Следующий день, как отметил Вейдлинг, «принес надежду». Армия под командованием генерала Венка слегка продвинулась на юго-запад Берлина, генералу Шернеру удалось немного потеснить противника на юге, а группе Штейнера – на севере. Гитлер окончательно утратил контакт с реальностью и уже видел себя победителем, карающим всех, кто дрогнул в решающую минуту. Оставаясь в Берлине, он рассчитывал подать остальным пример или, по крайней мере, умереть «достойно». Вечером 26-го явился генерал фон Грейм. Он хромал и опирался на плечо бесстрашной летчицы Ханны Рейтш, восторженной почитательницы Гитлера. Его ранило в ногу при приземлении самолета. Гитлер просидел несколько часов у постели своего нового главы авиации.
27 апреля Красная армия начала второе массированное наступление. Бункер оказался в зоне беспрестанных бомбардировок. Гитлер бродил подземными переходами, соединявшими между собой несколько бункеров, в сомнамбулическом состоянии, напомнившем ему блуждания по окопам Великой войны. Самый жестокий удар ждал его во время второго военного совета: дурные вести сыпались одна за другой, и тут вдруг государственный секретарь министерства пропаганды Вернер Науман доложил ему, что по сообщению стокгольмского радио, рейхсфюрер СС Гиммлер вступил в переговоры с представителями Запада по поводу капитуляции. Стали просматривать бумаги генерала Фегелейна, который часто появлялся в бункере в последнее время, и нашли подтверждение затеянного Гиммлером демарша. Боевик СС отправился к генералу (зятю Евы Браун) и привел его в бункер. Допросив, его расстреляли в саду канцелярии. Грейм и Дёниц получили задание арестовать Гиммлера. Для Гитлера шаги, втихомолку предпринятые «верным Генрихом», тем, кого он называл своим «Игнасием Лойолой», его «великим инквизитором», означали одно – конец. Он вызвал секретаря и продиктовал ей свое политическое завещание.
Начиная с войны 1914–1918 годов, все его мысли и поступки, вся его жизнь была починена одному – любви к немецкому народу и верности его интересам:
«Неправда, что я или кто-то другой в Германии хотел войны в 1939 году. Ее жаждали и спровоцировали именно те государственные деятели других стран, которые либо сами были еврейского происхождения, либо действовали в интересах евреев. Я внес слишком много предложений по ограничению вооружений и контролю над ними, чего никогда не смогут сбросить со счетов будущие поколения, когда будет решаться вопрос, лежит ли ответственность за развязывание этой войны на мне. […] Пройдут столетия, и из руин наших городов и монументов вырастет ненависть против тех, кто в итоге несет ответственность за все международное еврейство и его приспешников. […]

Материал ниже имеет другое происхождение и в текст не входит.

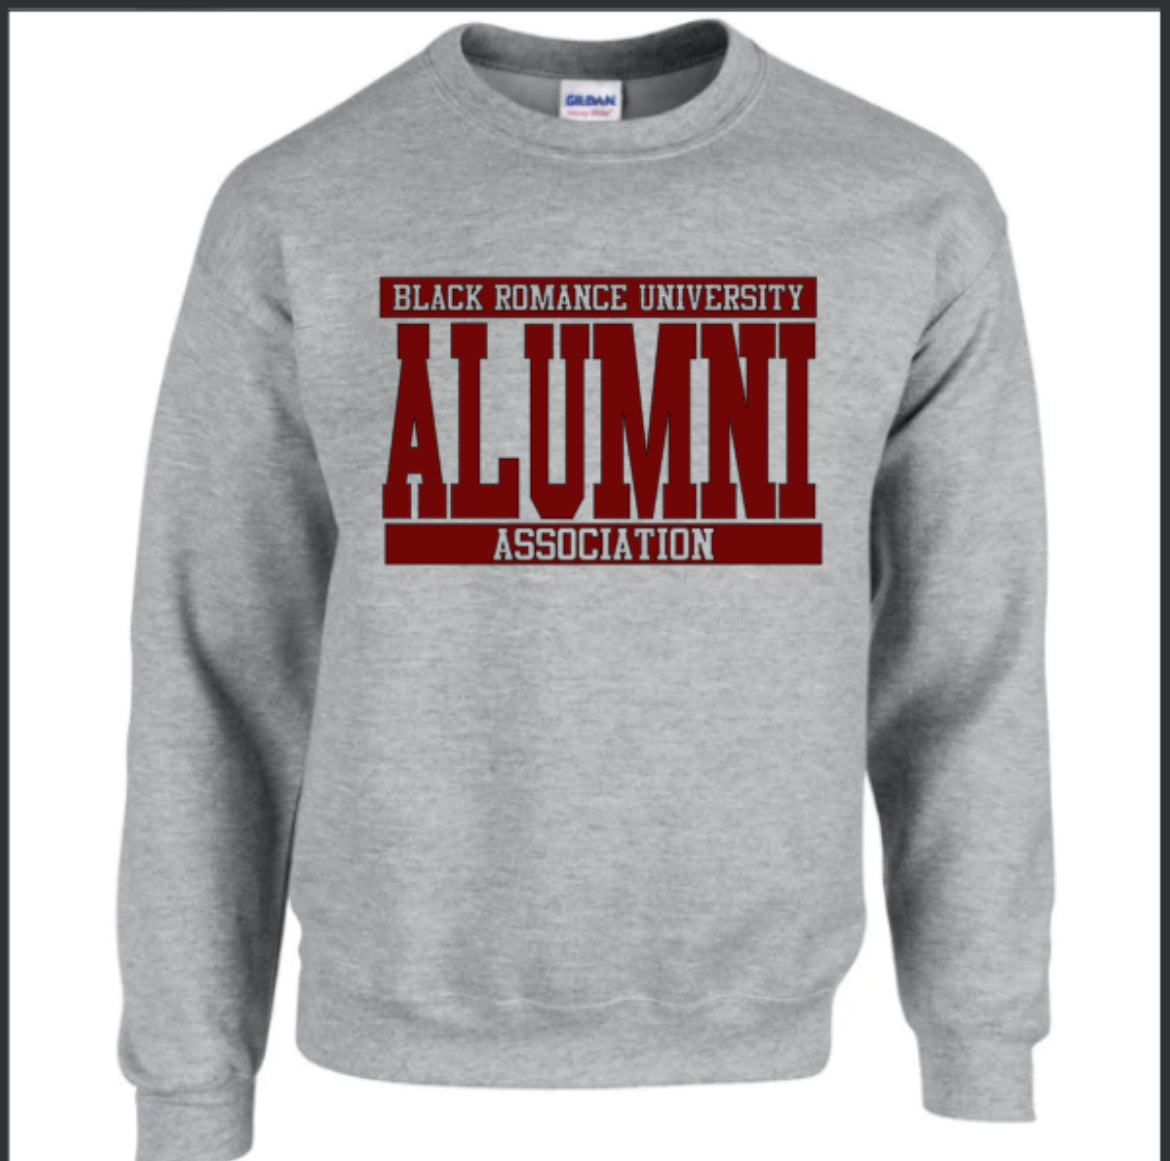 Black Romance University Alumni Association

Я не желаю […] попадать в руки врага, который жаждет нового спектакля, организованного евреями ради удовлетворения истеричных масс. Поэтому я решил остаться в Берлине и добровольно избрать смерть в тот момент, когда я пойму, что резиденцию фюрера и канцлера нельзя будет более защищать. […] Пусть в будущем частью кодекса чести германского офицера станет – как это уже случилось на нашем флоте – невозможность сдачи территории или города, пусть командиры сами покажут пример верности долгу до самой смерти».